They replaced 3 HD Cinema channels that were initially on D10 up until Thursday morning before it went down, at first when D10 was still down they moved things to other satellites, now it's 2 on D14 and 1 on D10.


----------



## slice1900 (Feb 14, 2013)

David Ortiz said:


> If they ever decide to use Ka at 101, that would be a good use for a satellite without reverse band capability.


They won't use D10 for that because it doesn't do Ku and would be near the end of its planned lifetime by the time they'd have any need for Ka at 101 - the only thing I can imagine that would require it is if 4K follows the same adoption rate as HD, which is questionable at best. Perhaps once the dust settles on the AT&T buyout (whether approved or not) a couple more satellite contracts will be announced to replace D4S/D8/D9S at 101. Given the ~4-5 years it seems to take from announcement to service if they want them in orbit in 2020 they'll need to let the contracts in the next year.

As far as we can tell, they never really made much use of the Ka at 101 - it most certainly isn't "backhauling locals" as originally planned but seems to be at best a redundant path between a few of their broadcast centers. If they want to use Ka for customers, rather than the wideband Ka spot beams D8/D9S have, the new satellites would have regular Ka transponders - probably configured similarly to D15. D15 will have Ku transponders it doesn't use at 103, these might have RDBS transponders they don't use at 101.


----------



## slice1900 (Feb 14, 2013)

Diana C said:


> Yup...I remember back a few years ago when they had just started using Ka and they were moving channels between transponders pretty regularly. Neither I nor anyone else ever noticed even a moment's disruption. I am pretty sure I even had a recording that included the move...I could never find the actual switch point for sure (couldn't tell if the one tiny glitch I found was a move or an unrecoverable error).
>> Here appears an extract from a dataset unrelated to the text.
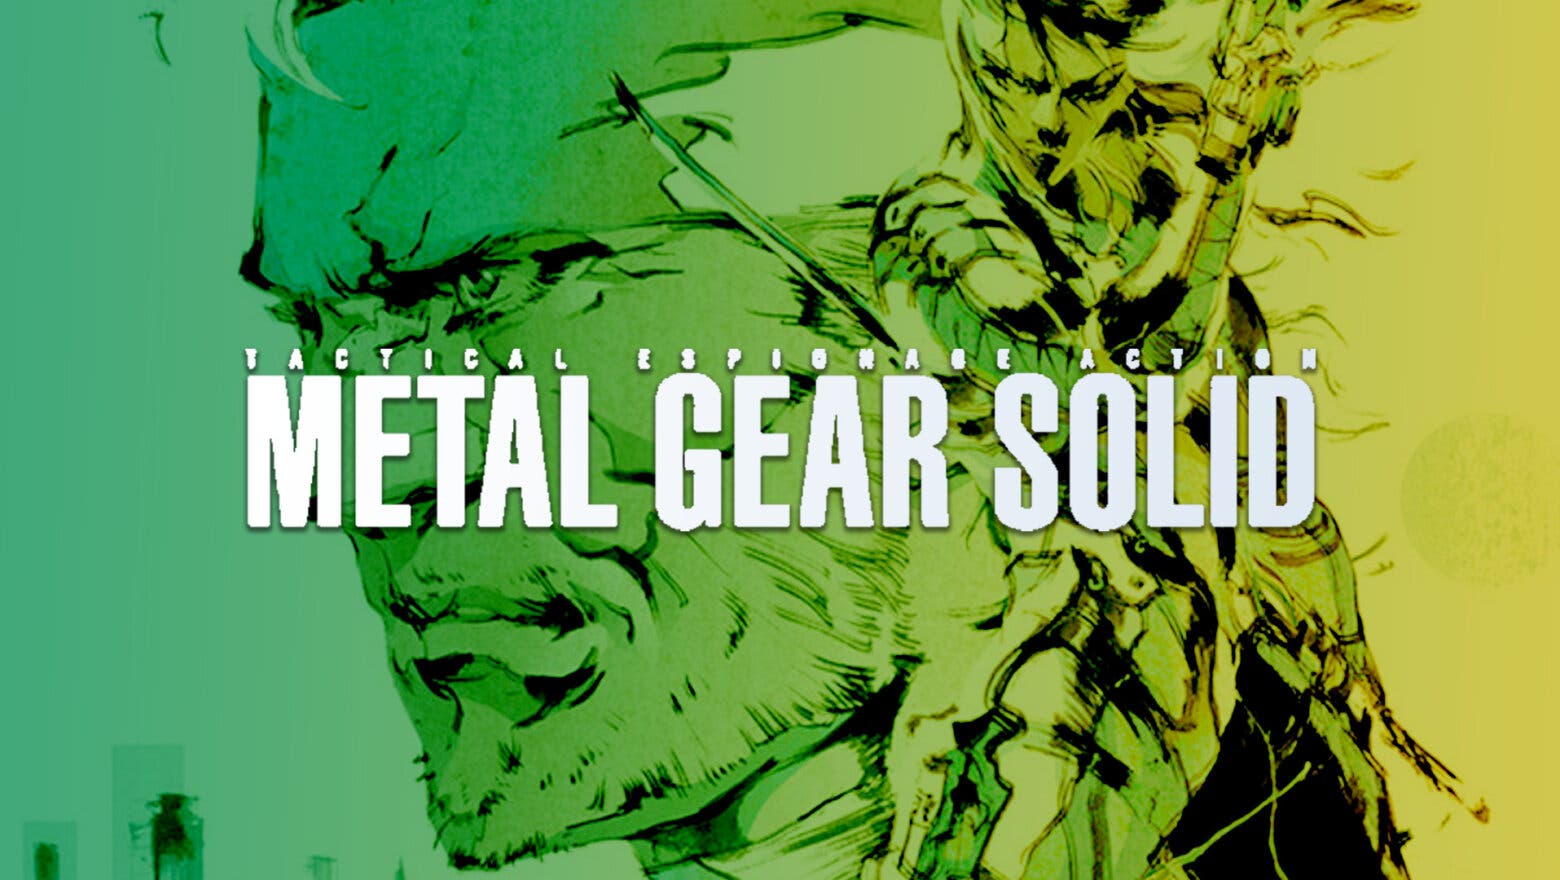 Imagen de El remake de Metal Gear Solid para PS5 es real y se anunciará pronto según fuentes propias

That's neat they're able to move channels live without disruption, I didn't realize the receivers could get live updates of the guide data that maps channels to locations to be able to do that. I'm surprised they don't take advantage of that more, I could think of a few useful things they could do with that capability.


----------



## alnielsen (Dec 31, 2006)

I'm wondering, If D14 is working, why switch the signals back to D10?


----------



## sangs (Apr 2, 2008)

Just want to say that this stuff is fascinating. I don't comprehend it all, but might be the start of a new hobby.


----------



## inkahauts (Nov 13, 2006)

alnielsen said:


> I'm wondering, If D14 is working, why switch the signals back to D10?


.

They hadn't finished fully prepping and testing and while it worked they still want to finish the testing and prepping. At least that's my main guess. Plus they want to get stuff backup on d10 Id think.


----------



## inkahauts (Nov 13, 2006)

slice1900 said:


> That's neat they're able to move channels live without disruption, I didn't realize the receivers could get live updates of the guide data that maps channels to locations to be able to do that. I'm surprised they don't take advantage of that more, I could think of a few useful things they could do with that capability.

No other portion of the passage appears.